Immunological tolerance occurs congenital and acquired. Example innate tolerance is the lack of response of the immune system to its own antigens. Acquired tolerance can be created by introducing into the body substances that suppress the immune system (immunosuppressants), or by introducing an antigen in the embryonic period or in the first days after the birth of the individual. Acquired tolerance can be active or passive. Active tolerance is created by introducing a tolerogen into the body, which forms specific tolerance. Passive tolerance can be caused by substances that inhibit the biosynthetic or proliferative activity of immunocompetent cells (antilymphocyte serum, cytostatics, etc.).
Immunological tolerance is specific- it is directed to strictly defined antigens. According to the degree of prevalence, polyvalent and split tolerance are distinguished. Polyvalent tolerance occurs simultaneously in response to all antigenic determinants that make up a particular antigen. For split, or monovalent, tolerance characterized by selective immunity to some individual antigenic determinants.
Degree of manifestation of immunological tolerance significantly depends on a number of properties of the macroorganism and tolerogen.
The dose of the antigen and the duration of its exposure are important in the induction of immunological tolerance.. There are high-dose and low-dose tolerance. High dose tolerance caused by the introduction of large quantities of highly concentrated antigen. Low dose tolerance, on the contrary, it is caused by a very small amount of highly homogeneous molecular antigen.
Mechanisms of tolerance are diverse and not fully deciphered. It is known that it is based on the normal processes of regulation of the immune system. There are three most likely reasons for the development of immunological tolerance:
1. Elimination of antigen-specific lymphocyte clones from the body.

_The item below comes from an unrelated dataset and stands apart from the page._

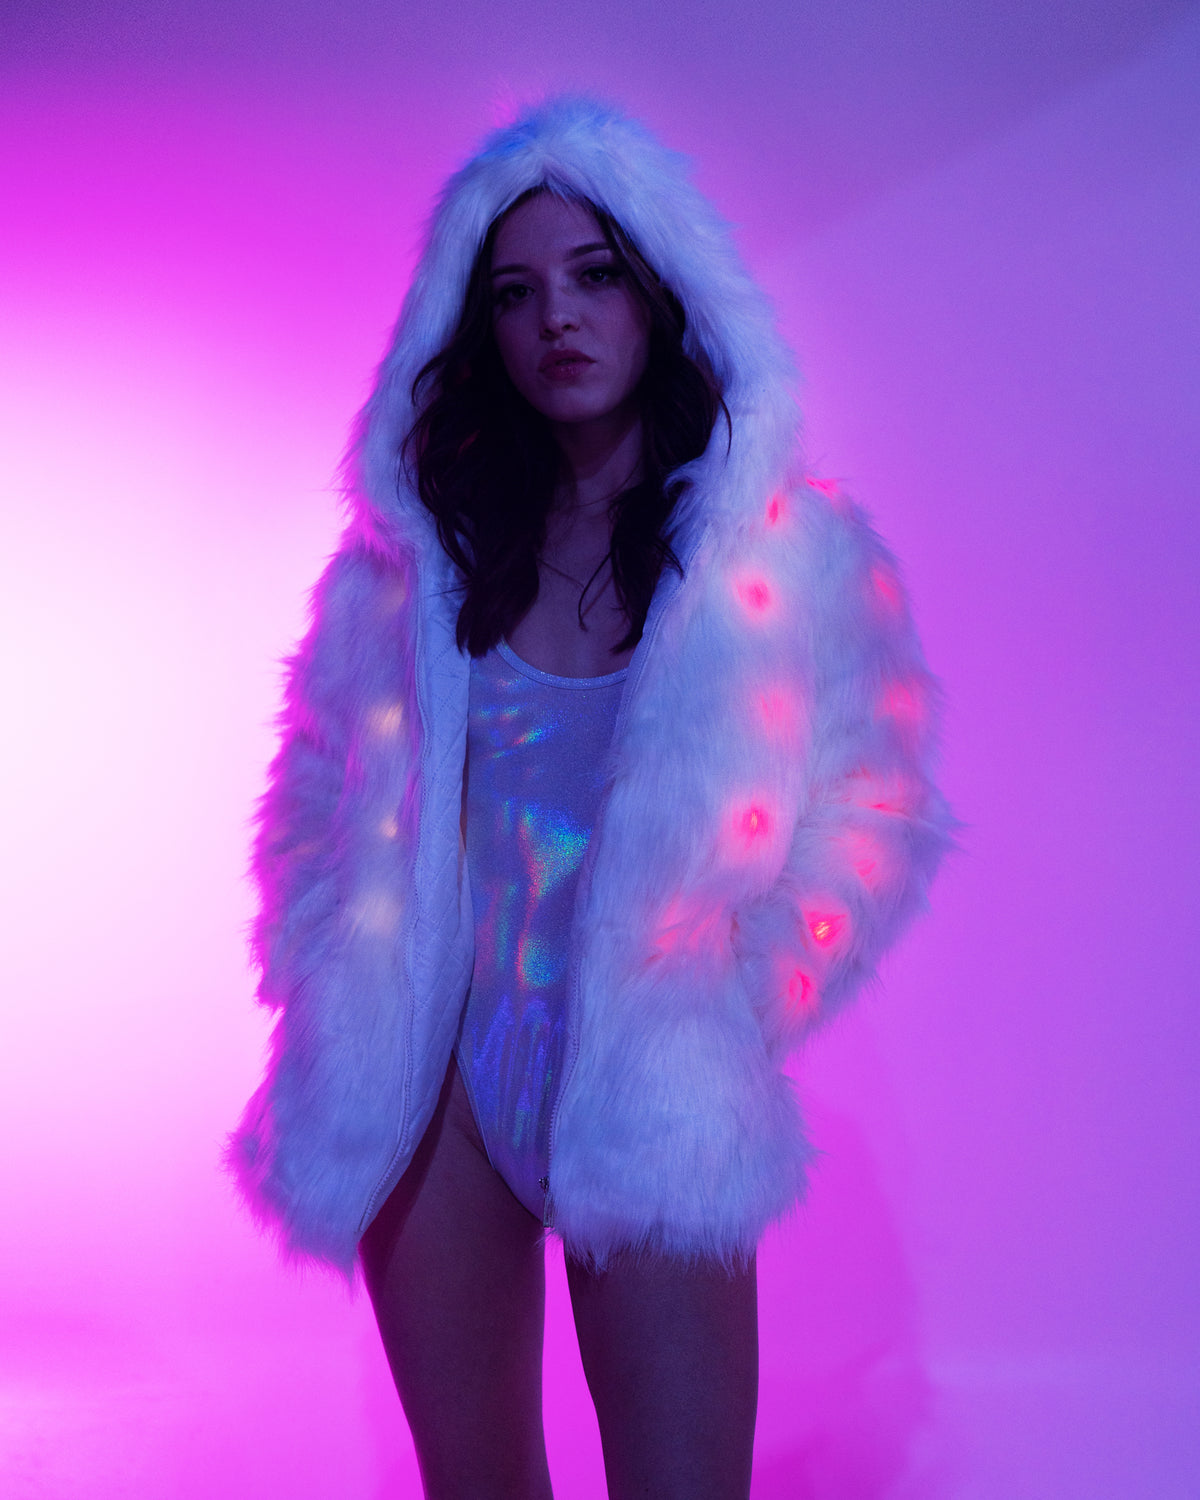 Women's Hooded Faux Fur Coats

2. Blockade of the biological activity of immunocompetent cells.
3. Rapid neutralization of antigen by antibodies.
The phenomenon of immunological tolerance has great practical significance. It is used to solve many important medical problems, such as organ and tissue transplantation, suppression of autoimmune reactions, treatment of allergies and other pathological conditions associated with aggressive behavior of the immune system.